# Pte moullie



## peters (Sep 28, 2010)

DOES ANYONE HUNT HERE? WHERE IS A GOOD SPOT TO SQUIRRELL HUNT THERE????:bloos:


----------



## raisinrat (Feb 9, 2006)

Ummm not many tree out there. Also where I have seen Tree rats out there is off limits by this time of the year.Also you can not use lead out there at all(except is for Deer hunting with slugs)


----------



## peters (Sep 28, 2010)

i hunt the marsh down there religously. i know you can only shoot steel. thanks for the heads up though.


----------



## folpak (Feb 6, 2008)

the place downright stinks for hunting. unless you like more people than animals


----------



## peters (Sep 28, 2010)

folpak said:


> the place downright stinks for hunting. unless you like more people than animals


 
i dont think that is all true. ive shot alot of ducks there. but there is lots of dummys out there. thats forsure


----------



## trentonbill (Jul 6, 2009)

peters said:


> DOES ANYONE HUNT HERE? WHERE IS A GOOD SPOT TO SQUIRRELL HUNT THERE????:bloos:


I have seen a few squirrels down Roberts Rd. but thats about it.


----------



## peters (Sep 28, 2010)

yea thets where i went. idk maybe im not ment to be a squirrel hunter hahah


----------



## glongworth3232 (Oct 18, 2006)

Try taking a bow out into an area of oaks and wait for a deer. See all kinds deer hunting:lol:. But not at mouille of course. Try onsted state game are find some mature oaks and sit tight u will see a few. good luck and happy hunting.


----------



## bigcountrysg (Oct 9, 2006)

You can go to Petersburg State Game Area, not that far from you. A lot better squirrel hunting there then at Pte.


----------



## raisinrat (Feb 9, 2006)

bigcountrysg said:


> You can go to Petersburg State Game Area, not that far from you. A lot better squirrel hunting there then at Pte.

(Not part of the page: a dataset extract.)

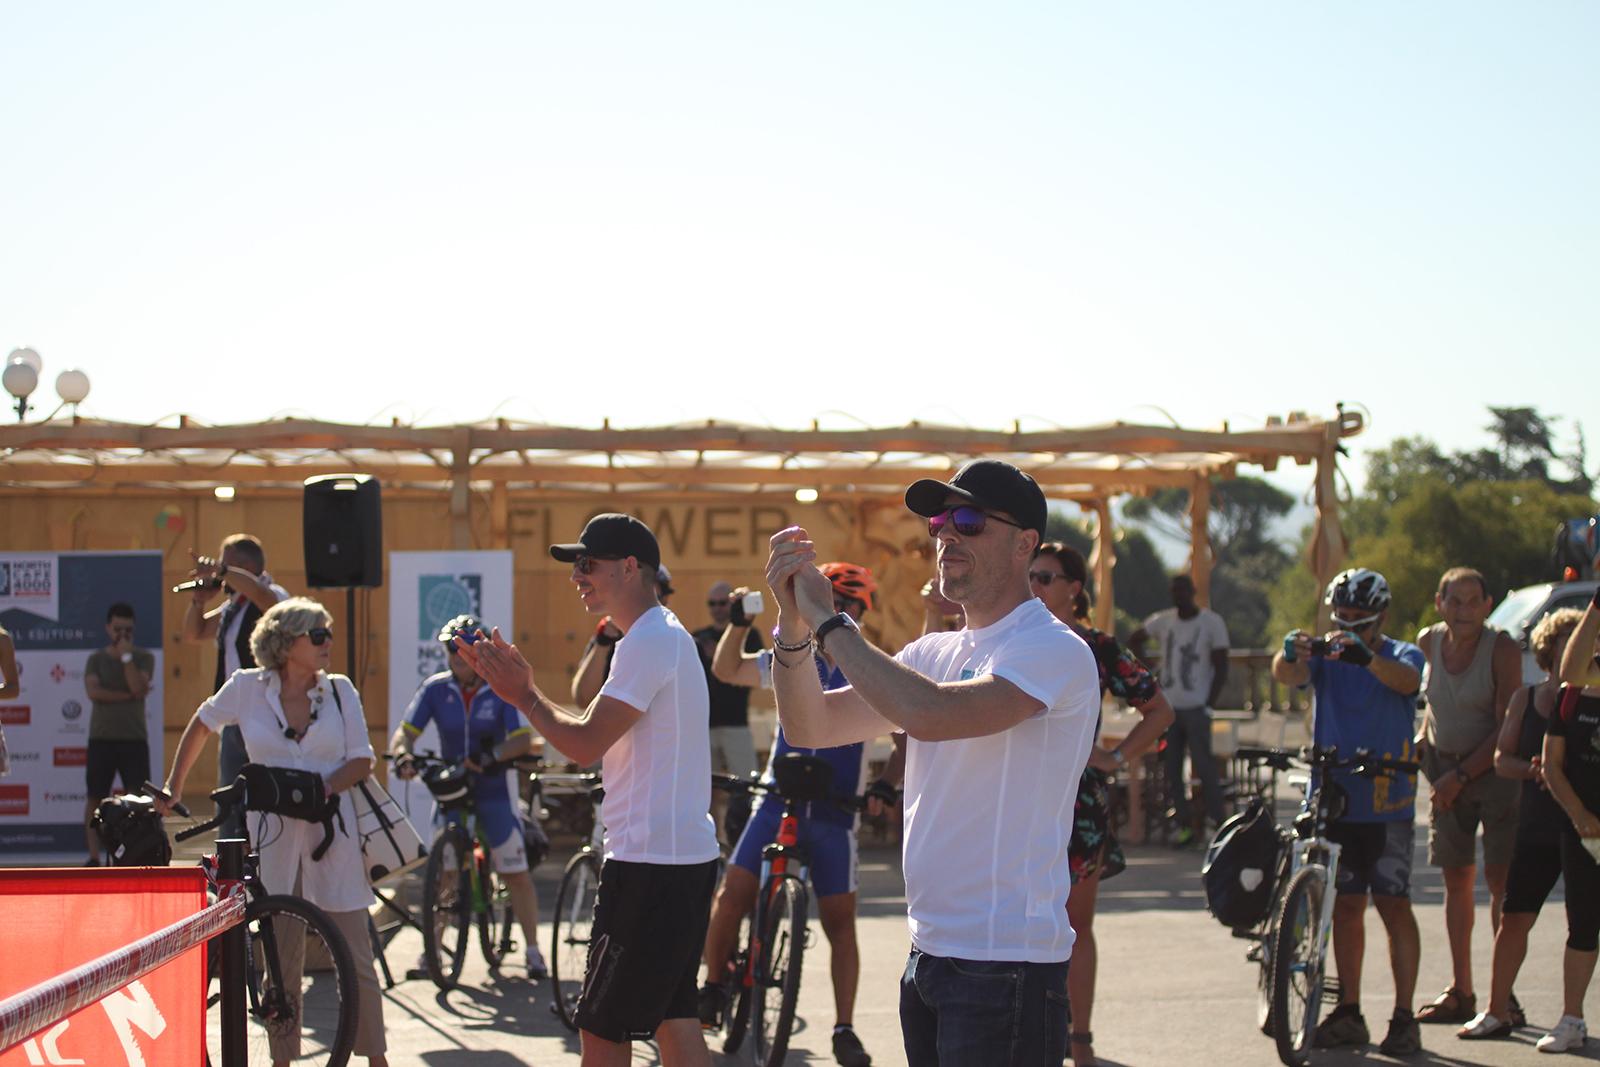 GRANDE_NORD_NC4K_bikepacking014

zero out there every time I have gone out there the last 3 years. there use to be a lot more out there in the past but not anymore


----------



## Shotgunhunter (Sep 21, 2009)

peters said:


> DOES ANYONE HUNT HERE? WHERE IS A GOOD SPOT TO SQUIRRELL HUNT THERE????:bloos:


 NOWHERE!!!!!!!!!!! I used to hunt out there, but decided it was a waste of time. I go to the Sharonville game area and Waterloo for small game and deer now. Don't waste your time out there. You will never see one unless you get REEEEEEAAAALLLLLYYYYYYYYY lucky.


----------



## bigcountrysg (Oct 9, 2006)

raisinrat said:


> zero out there every time I have gone out there the last 3 years. there use to be a lot more out there in the past but not anymore


Well then go farther west to Lake Hudson Gaming area I know there are a ton out there.


----------